Question:  Is it permissible for an institution to conduct team camps without violating camps and clinics attendance restriction legislation?

Answer:  Yes, an institution is permitted to conduct a team camp.  A team camp must be open to any and all teams limited only by number of teams, age of the members of the teams, grade level of members of the teams (e.g., high school, middle school) and/or the gender of the teams.

It should also be noted that the promotion of team camps is held to the same restrictions as any other institutional sports camp or clinic.  Therefore, team camp advertisements and promotions must include a statement stipulating that the camp is open to any and all teams, limited only by number, age, grade level and/or gender.

Question:  May an institution’s athletics department staff member work at a noninstitutional camp or clinic that is advertised as an elite camp or clinic?

Answer:  Yes, provided the camp is conducted in accordance with the legislation regulating institutional camps or clinics.  Therefore, in order for an athletics department staff member to be employed on a salaried or volunteer basis at a noninstitutional camp or clinic, advertisements or promotional materials must stipulate that the camp or clinic is open to any and all entrants.  Athletics department administrators (e.g., rules compliance personnel) are encouraged to review noninstitutional camps/clinics advertisements and promotional materials prior to permitting coaches and other athletics department staff members to be employed.

 Provision of Apparel and Awards

Question:  May an institution provide apparel and/or other merchandise (e.g., equipment, posters, gifts) to camp or clinic participants?

Answer:  Yes, an institution may provide apparel and/or merchandise to camp and clinic participants, provided the total cost of the items is included in each camp or clinic participant’s admissions fee.  If the cost of the items is not included in each participant’s admissions fee, then the institution is providing participants an impermissible benefit.  For example, if an institution provides each camp participant a basketball and a shirt valued at $45 but the camp admissions fee for each participant is only $40, the institution has provided an impermissible benefit to each participant who received those items.

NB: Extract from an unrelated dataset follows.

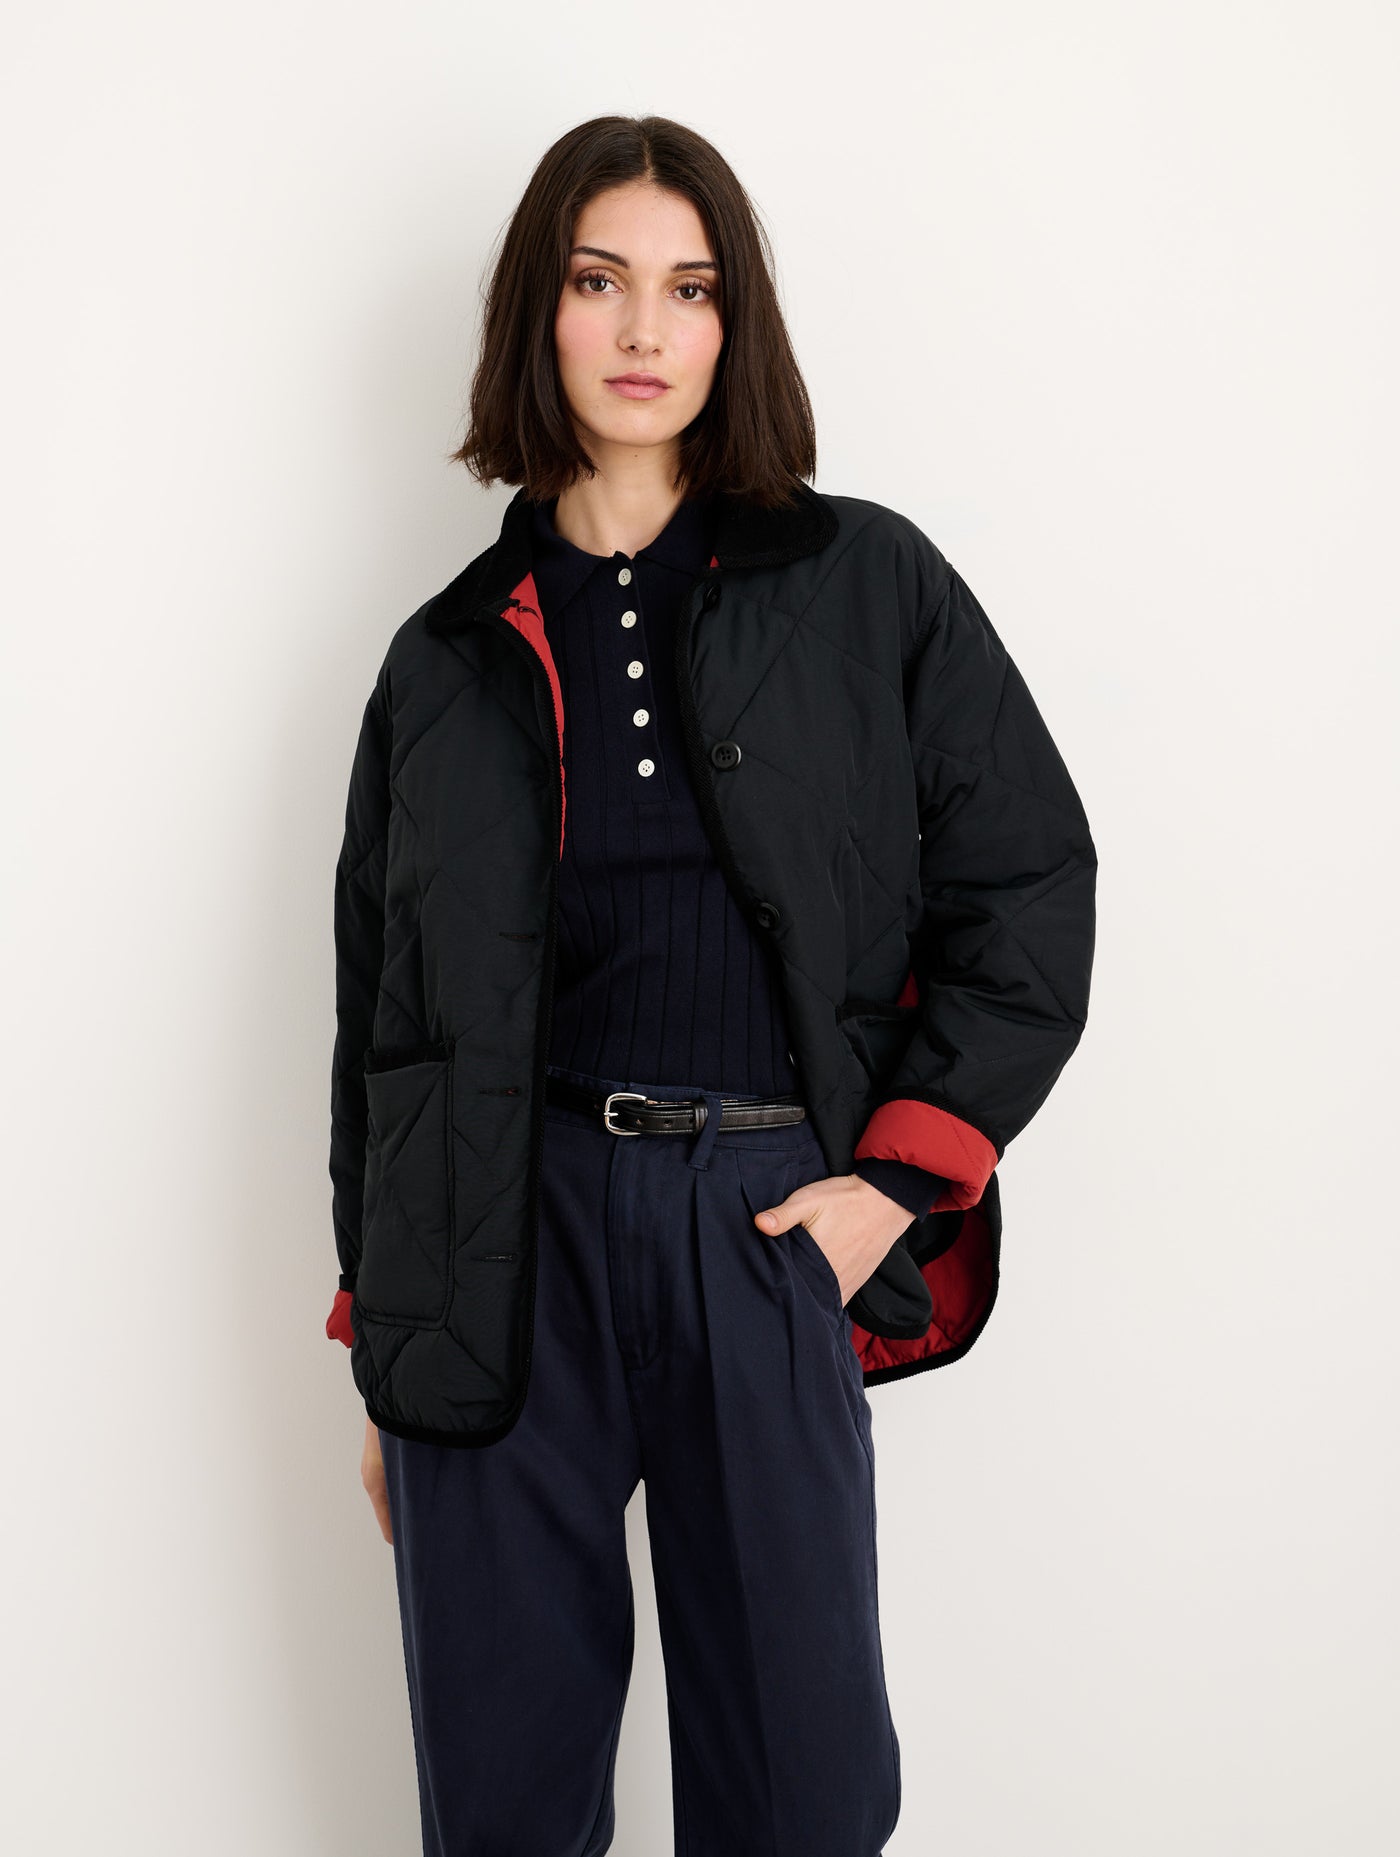 Women's padded jacket in dark blue nylon and black cotton corduroy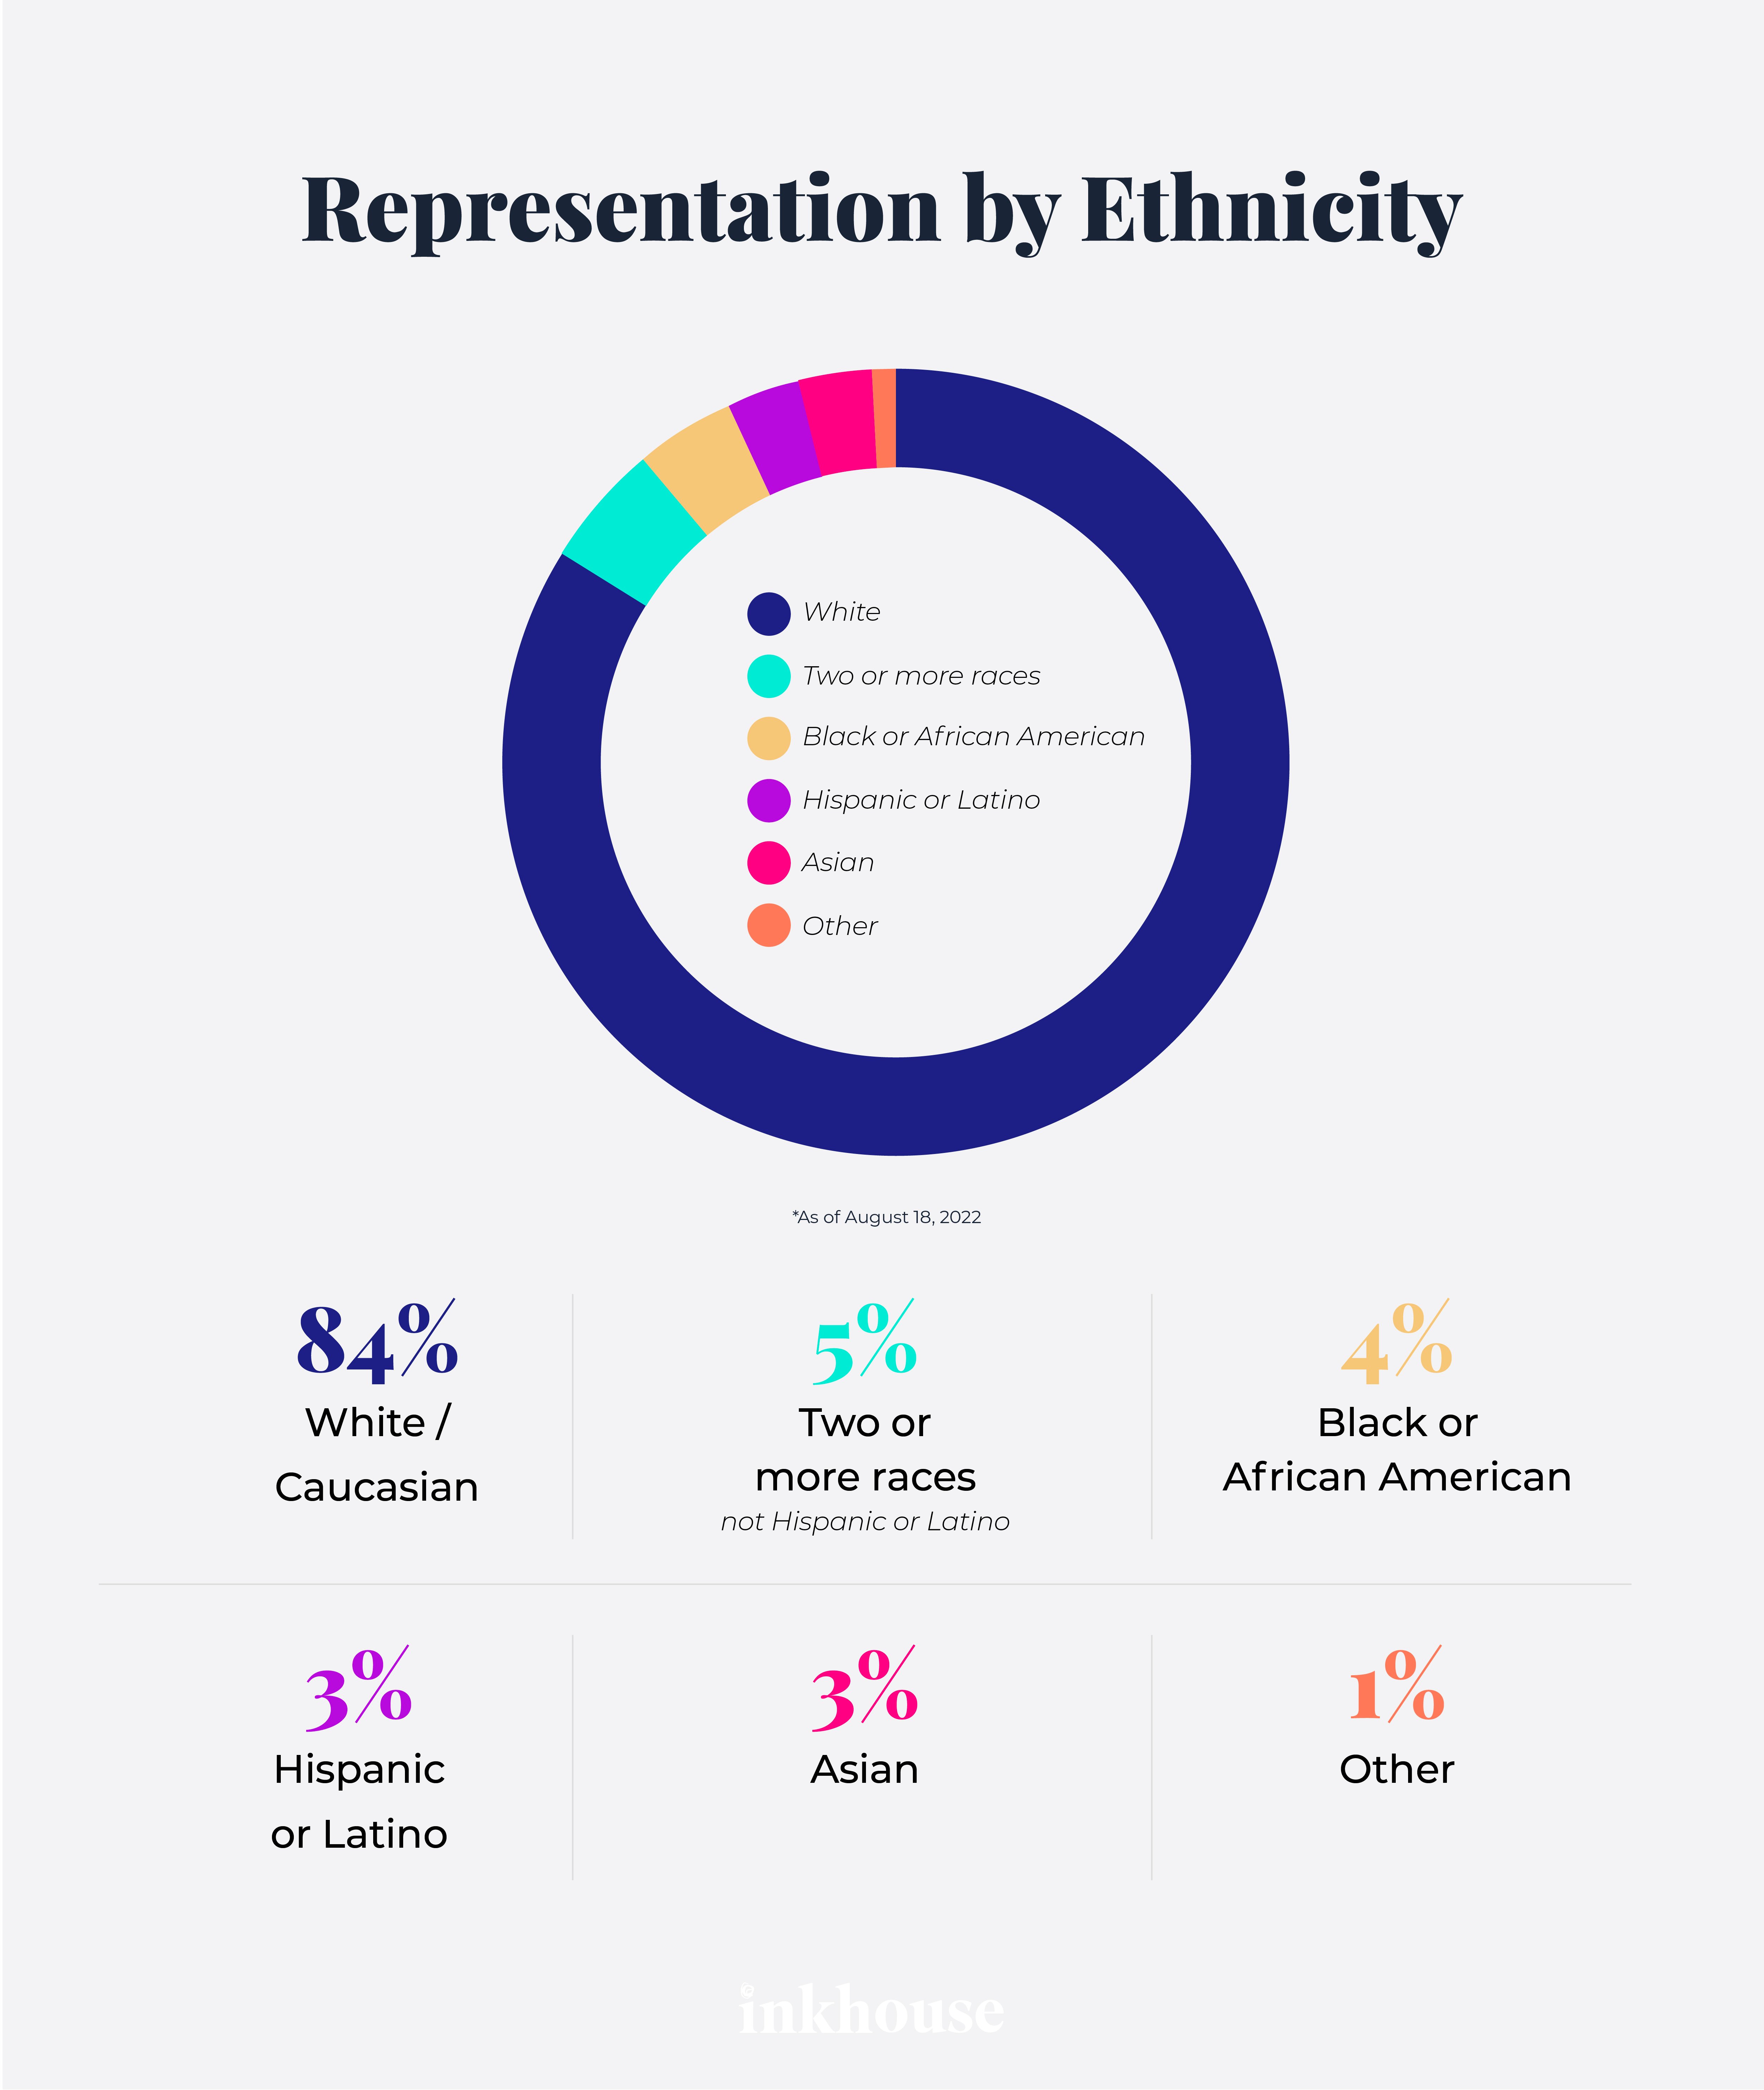 Ethnicity chart

 Question:  May an institution provide apparel and/or other merchandise (e.g., equipment, posters, gifts) that it receives free of charge or at a reduced rate to camp participants without including the normal retail cost of the item(s) in the participants admissions fee?

 Answer:  No, the institution must assign normal-retail value to the item(s) it provides to camp participants regardless of whether the institution received the item(s) free of charge or at a reduced rate.  The normal-retail value of the item(s) must be included in the participants’ admissions fee.

Question:  Per Bylaw 13.12.1.6.4, the cost of awards received by prospective student-athletes at an institutional camp or clinic must be included in the admissions fees charged to participants at the camp.  Does the full cost of each award have to be included in the admissions fee for each camp participant even though not all camp participants will receive an award?  For example, if all awards provided at the camp cost $100, does the $100 have to be included in each camp participant’s admissions fee?

Answer:  No, the full cost of each award does not need to be included in each participant’s admissions fees.  However, the full cost of the awards must be included collectively in the admissions fee for all camp participants.  For example, if the total cost of all awards to be given out at an institutional camp or clinic is $100 and the camp attendance is capped at 100 participants, each individual admissions fee would have to include an additional $1 used to cover the awards provided at the camp or clinic.